The purpose of this is to check whether the missing DB annotations reported in #4704 are missing because the DB session was not committed or missing because the DB session was rolled back. I strongly suspect the former, but want to rule out the latter.

In addition to logging via Sentry, the issue is logged via our normal logging so that we can see details of events which have been filtered out via Sentry's rate limiting.

Testing

The easiest way to test this is to comment out the pyramid_tm include in app.py which will have the effect of preventing sessions from being committed at the end of a request or rolled back on error.
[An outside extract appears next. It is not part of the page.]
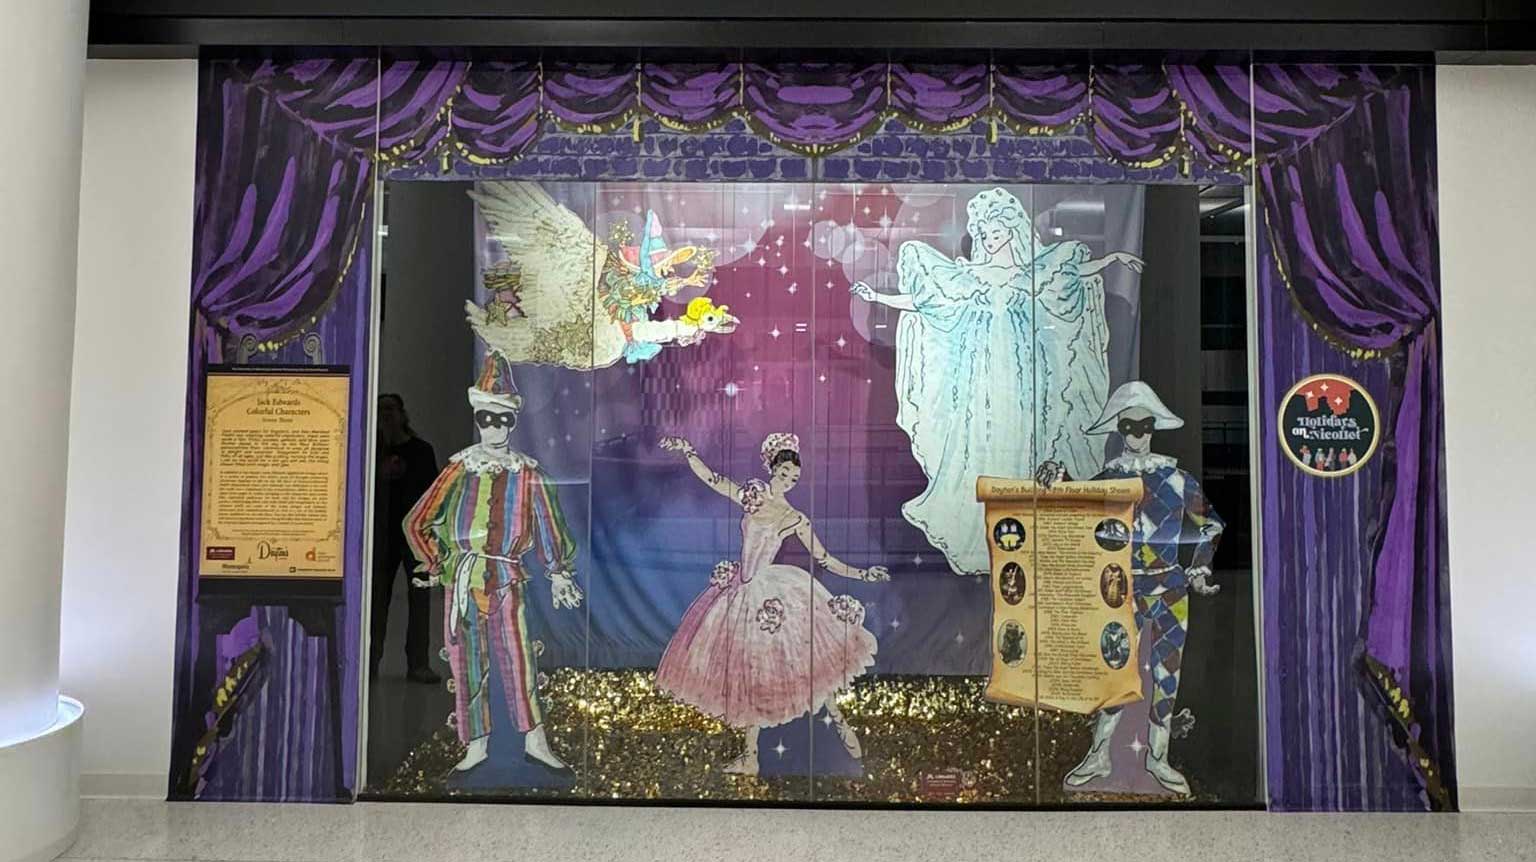 A historic holiday window display at the Dayton's Skyway downtown Minneapolis.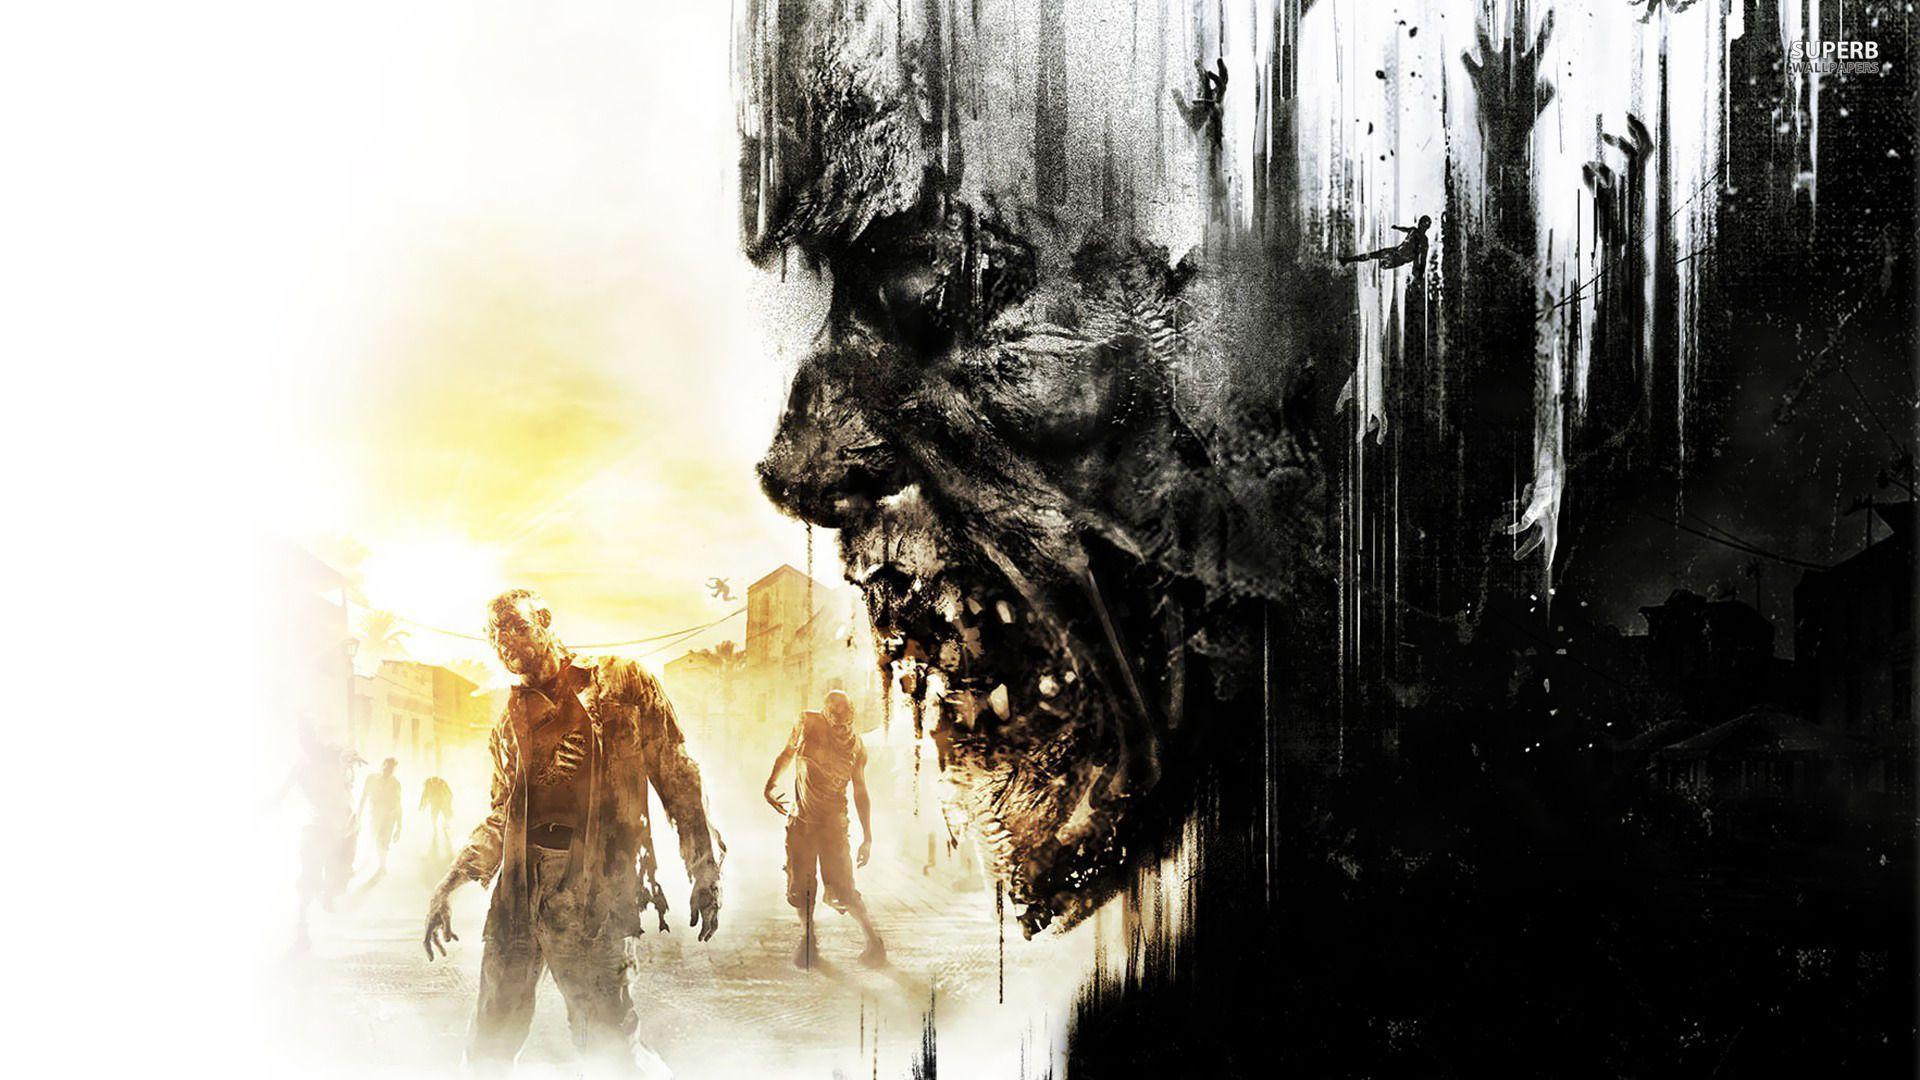 Dying Light Wallpapers

If you then create annotations or other entities you'll see log entries output at the end of the request with details of the uncommitted changes. If you re-enabled that line, the log messages should stop appearing.

robertknight · 2018-01-03T16:43:26Z

Marked as WIP because I want to do some more local testing of this before merging.

codecov · 2018-01-03T16:52:41Z

Codecov Report

Merging #4728 into master will decrease coverage by <.01%.
The diff coverage is 91.34%.

@@            Coverage Diff            @@
##           master   #4728      +/-   ##
=========================================
- Coverage   96.51%   96.5%   -0.01%     
=========================================
  Files         373     373              
  Lines       20576   20493      -83     
  Branches     1166    1160       -6     
=========================================
- Hits        19858   19777      -81     
+ Misses        608     607       -1     
+ Partials      110     109       -1

Impacted Files	Coverage Δ
h/config.py	`64.7% <ø> (+5.88%)`	⬆️
h/db/__init__.py	`55.93% <10%> (-10.31%)`	⬇️
h/util/session_tracker.py	`100% <100%> (ø)`	⬆️
tests/h/util/session_tracker_test.py	`100% <100%> (ø)`	⬆️
tests/h/config_test.py	`100% <100%> (ø)`	⬆️
h/emails/reply_notification.py	`100% <0%> (ø)`	⬆️
tests/h/emails/reply_notification_test.py	`100% <0%> (ø)`	⬆️

Continue to review full report at Codecov.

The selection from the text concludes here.